- **INFORMATION PROVIDED**
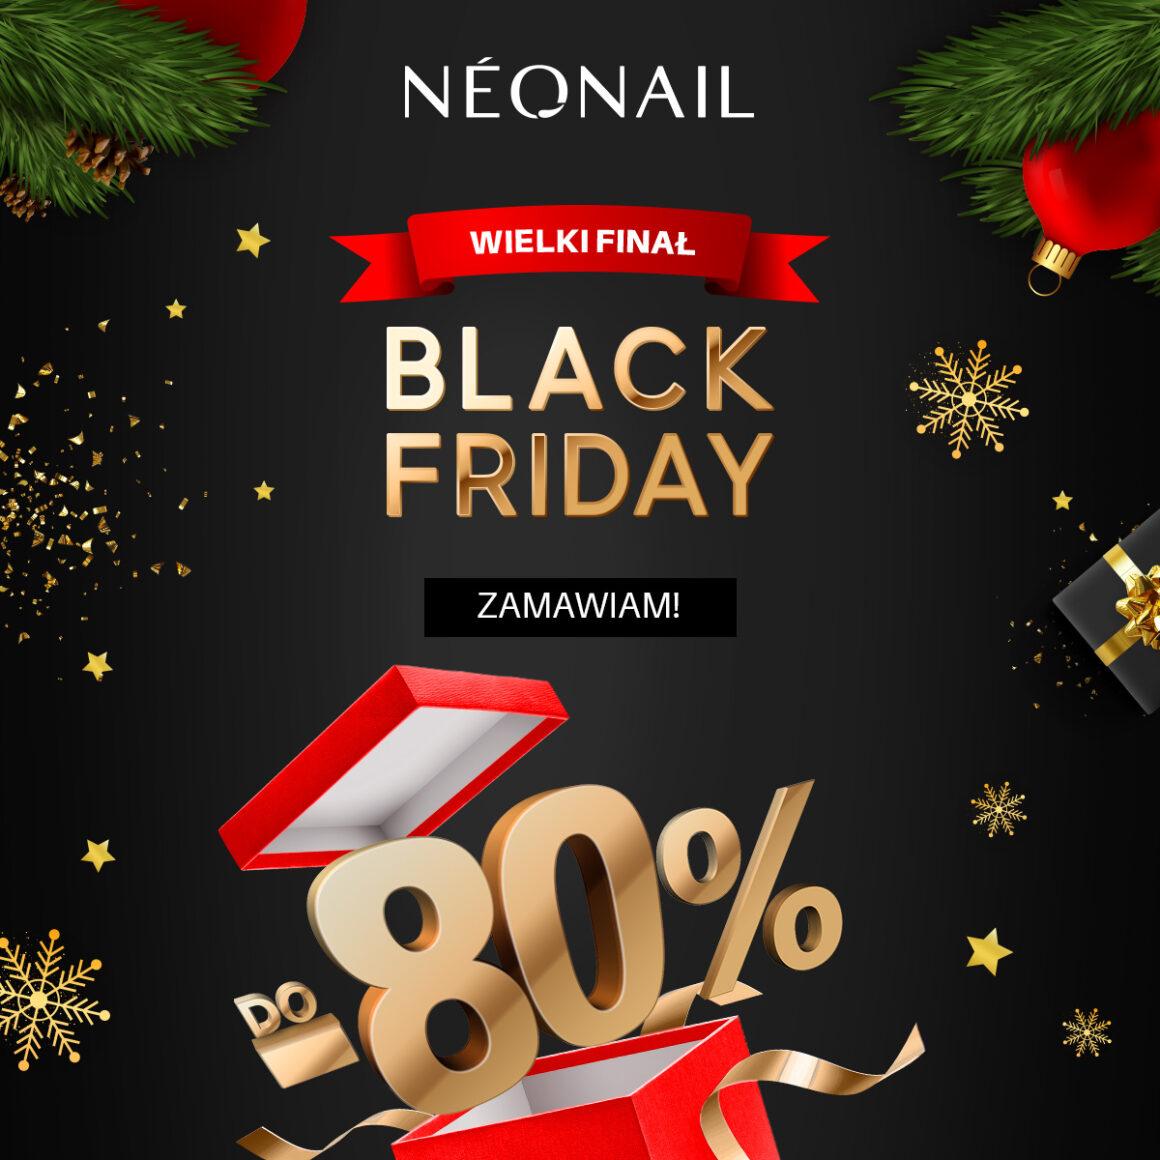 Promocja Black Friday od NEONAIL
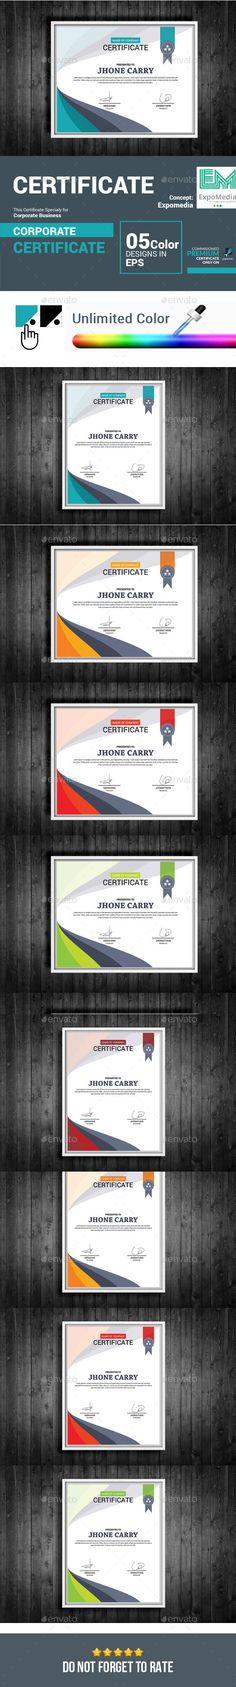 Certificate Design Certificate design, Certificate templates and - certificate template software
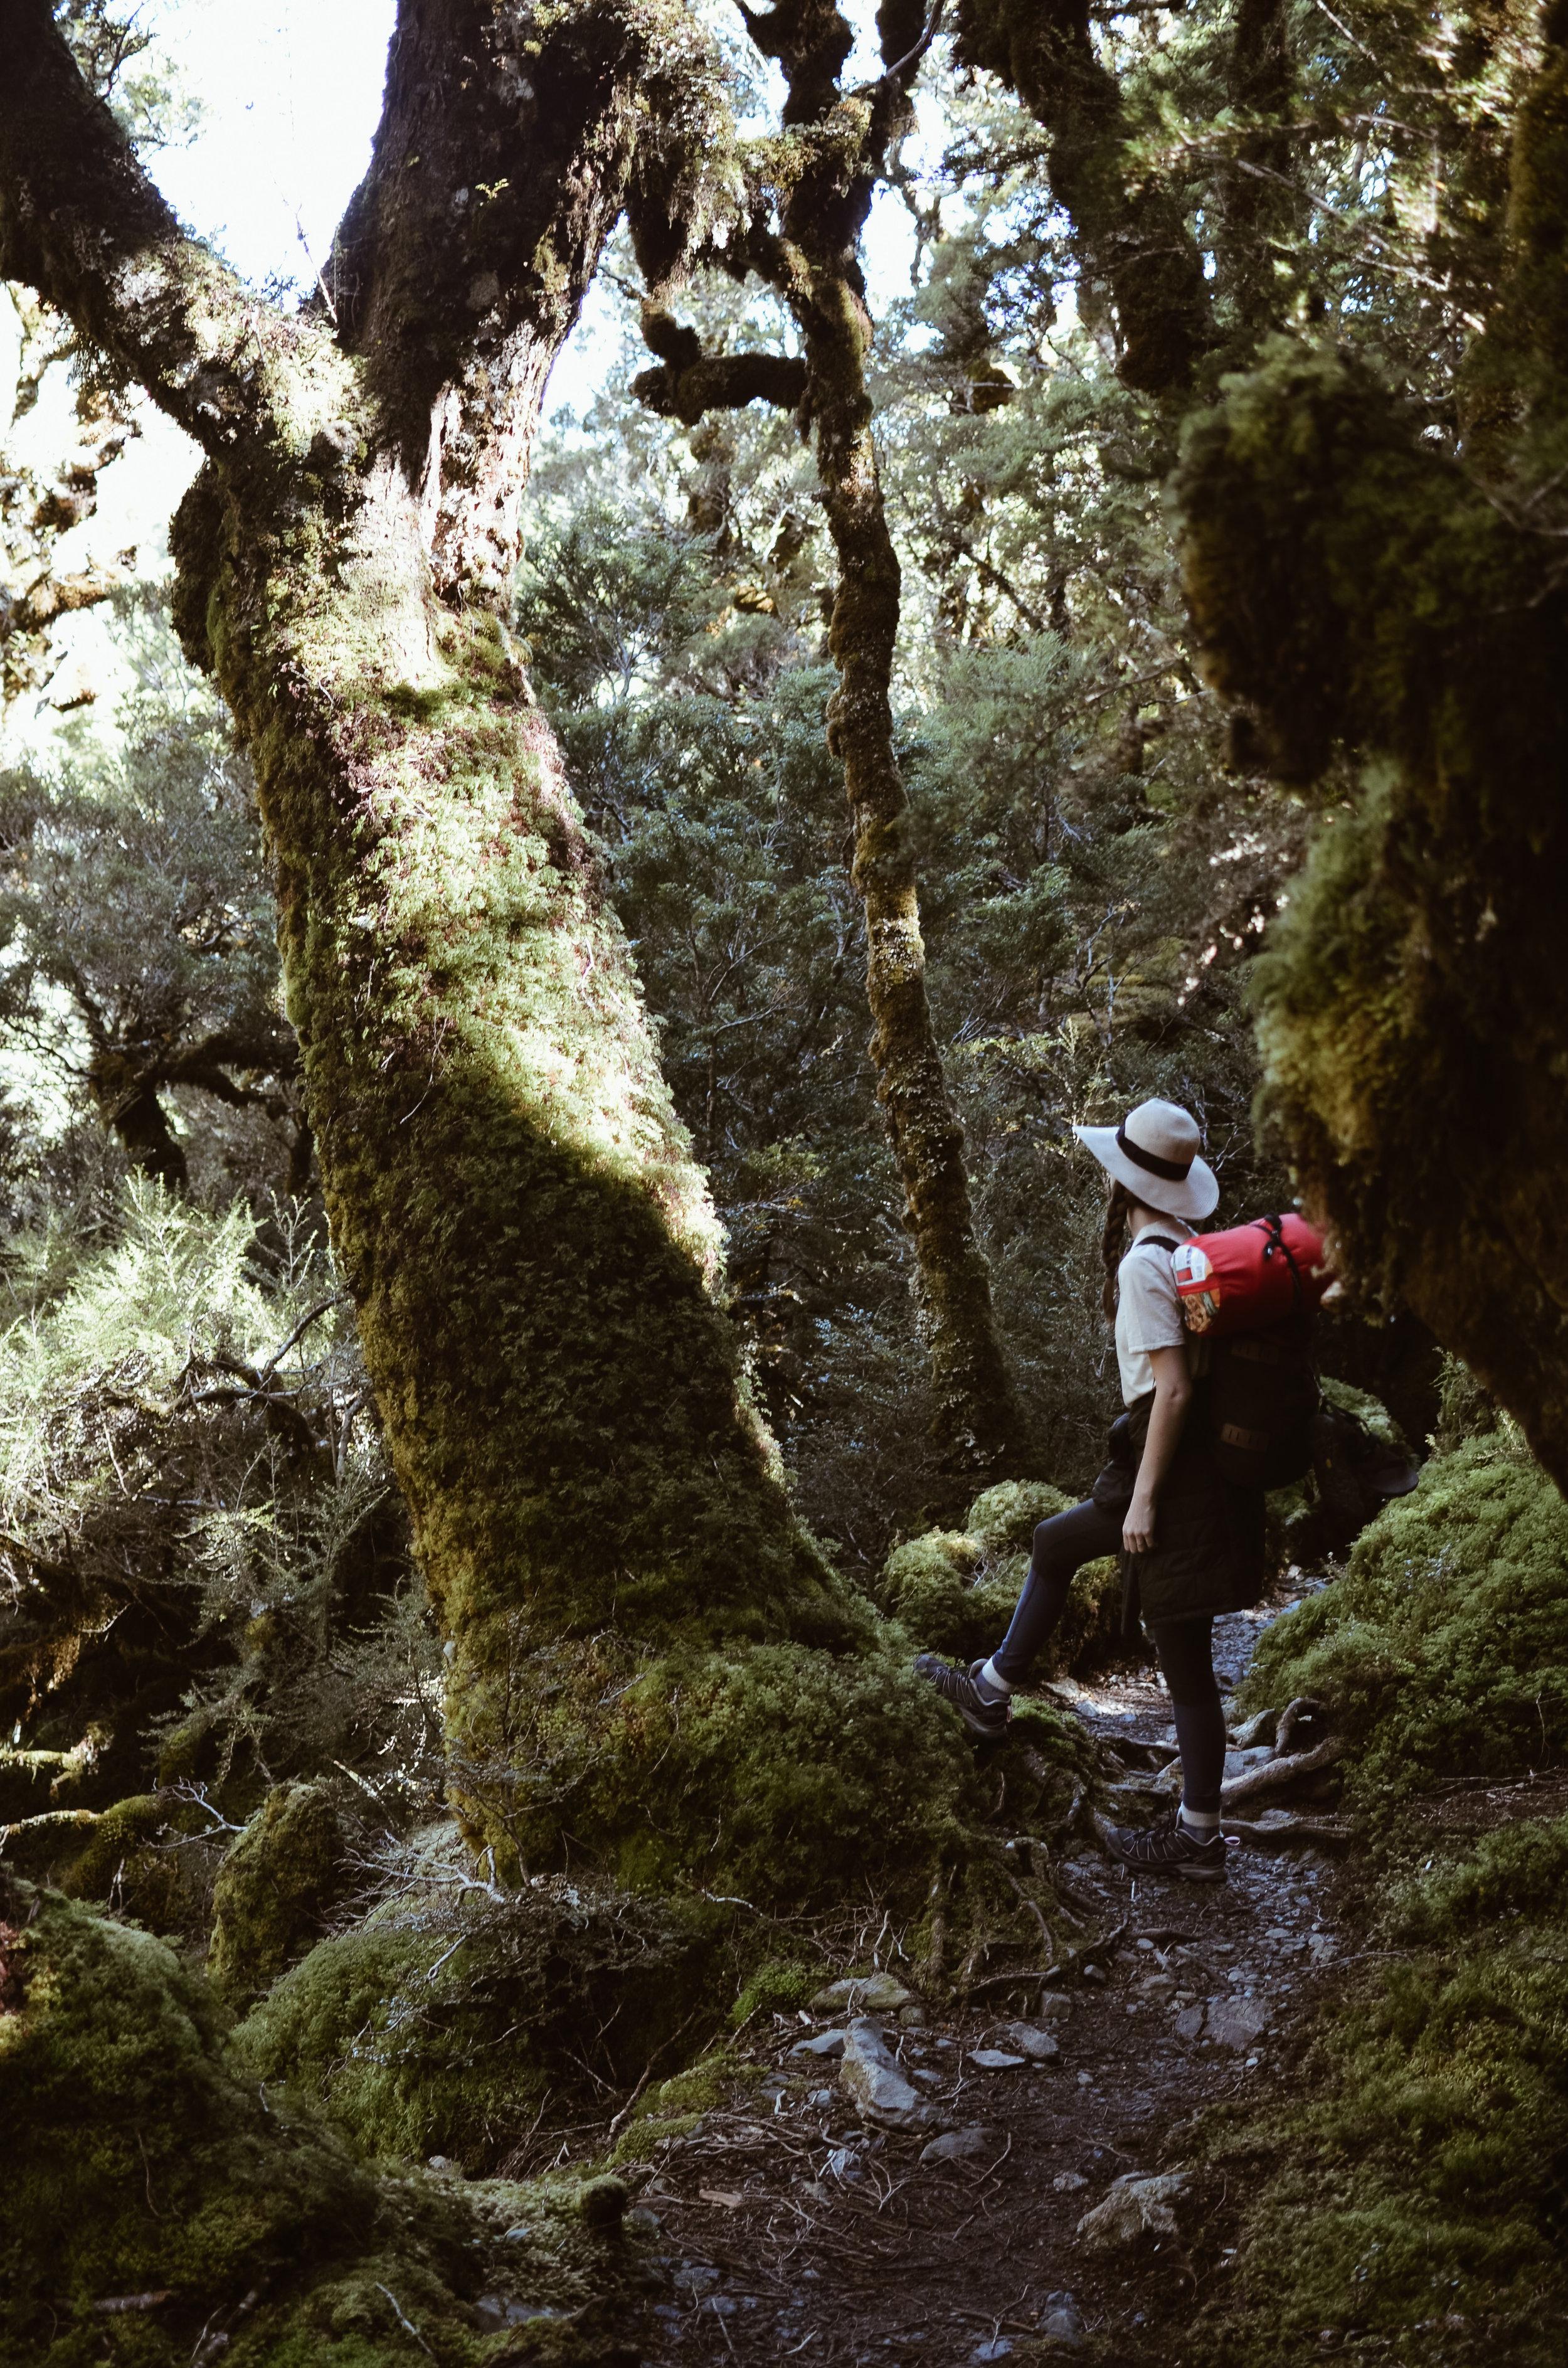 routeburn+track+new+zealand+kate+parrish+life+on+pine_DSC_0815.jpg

- **PROBLEM REQUIREMENTS**
Give back the material above exactly as it appears, minus any picture.

- **EXERCISE OUTPUT**
 Promocja Black Friday od NEONAIL
 Certificate Design Certificate design, Certificate templates and - certificate template software
 routeburn+track+new+zealand+kate+parrish+life+on+pine_DSC_0815.jpg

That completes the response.